» **What you will do**: A word-for-word restatement of the listing is the only acceptable answer.

━━━━━━━━

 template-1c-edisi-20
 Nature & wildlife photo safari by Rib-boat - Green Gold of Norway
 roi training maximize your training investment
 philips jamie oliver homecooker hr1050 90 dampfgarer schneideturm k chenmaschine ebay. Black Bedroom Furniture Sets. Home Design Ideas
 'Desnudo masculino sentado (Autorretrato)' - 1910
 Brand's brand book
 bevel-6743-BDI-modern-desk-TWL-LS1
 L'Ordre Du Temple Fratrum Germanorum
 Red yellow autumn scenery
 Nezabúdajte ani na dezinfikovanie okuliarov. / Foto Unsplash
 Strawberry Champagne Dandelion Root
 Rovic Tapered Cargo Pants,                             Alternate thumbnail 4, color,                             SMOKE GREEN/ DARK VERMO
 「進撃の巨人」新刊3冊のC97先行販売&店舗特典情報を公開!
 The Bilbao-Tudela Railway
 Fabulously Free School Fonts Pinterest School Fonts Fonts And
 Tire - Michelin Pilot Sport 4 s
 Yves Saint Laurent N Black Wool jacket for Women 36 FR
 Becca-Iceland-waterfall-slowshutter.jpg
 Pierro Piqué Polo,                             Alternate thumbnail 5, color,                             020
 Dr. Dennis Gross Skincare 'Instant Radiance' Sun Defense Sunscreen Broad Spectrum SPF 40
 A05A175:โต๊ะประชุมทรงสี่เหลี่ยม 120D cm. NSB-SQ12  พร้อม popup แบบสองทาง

━━━━━━━━

» **Answer to the exercise**:
 template-1c-edisi-20
 Nature & wildlife photo safari by Rib-boat - Green Gold of Norway
 roi training maximize your training investment
 philips jamie oliver homecooker hr1050 90 dampfgarer schneideturm k chenmaschine ebay. Black Bedroom Furniture Sets. Home Design Ideas
 'Desnudo masculino sentado (Autorretrato)' - 1910
 Brand's brand book
 bevel-6743-BDI-modern-desk-TWL-LS1
 L'Ordre Du Temple Fratrum Germanorum
 Red yellow autumn scenery
 Nezabúdajte ani na dezinfikovanie okuliarov. / Foto Unsplash
 Strawberry Champagne Dandelion Root
 Rovic Tapered Cargo Pants,                             Alternate thumbnail 4, color,                             SMOKE GREEN/ DARK VERMO
 「進撃の巨人」新刊3冊のC97先行販売&店舗特典情報を公開!
 The Bilbao-Tudela Railway
 Fabulously Free School Fonts Pinterest School Fonts Fonts And
 Tire - Michelin Pilot Sport 4 s
 Yves Saint Laurent N Black Wool jacket for Women 36 FR
 Becca-Iceland-waterfall-slowshutter.jpg
 Pierro Piqué Polo,                             Alternate thumbnail 5, color,                             020
 Dr. Dennis Gross Skincare 'Instant Radiance' Sun Defense Sunscreen Broad Spectrum SPF 40
 A05A175:โต๊ะประชุมทรงสี่เหลี่ยม 120D cm. NSB-SQ12  พร้อม popup แบบสองทาง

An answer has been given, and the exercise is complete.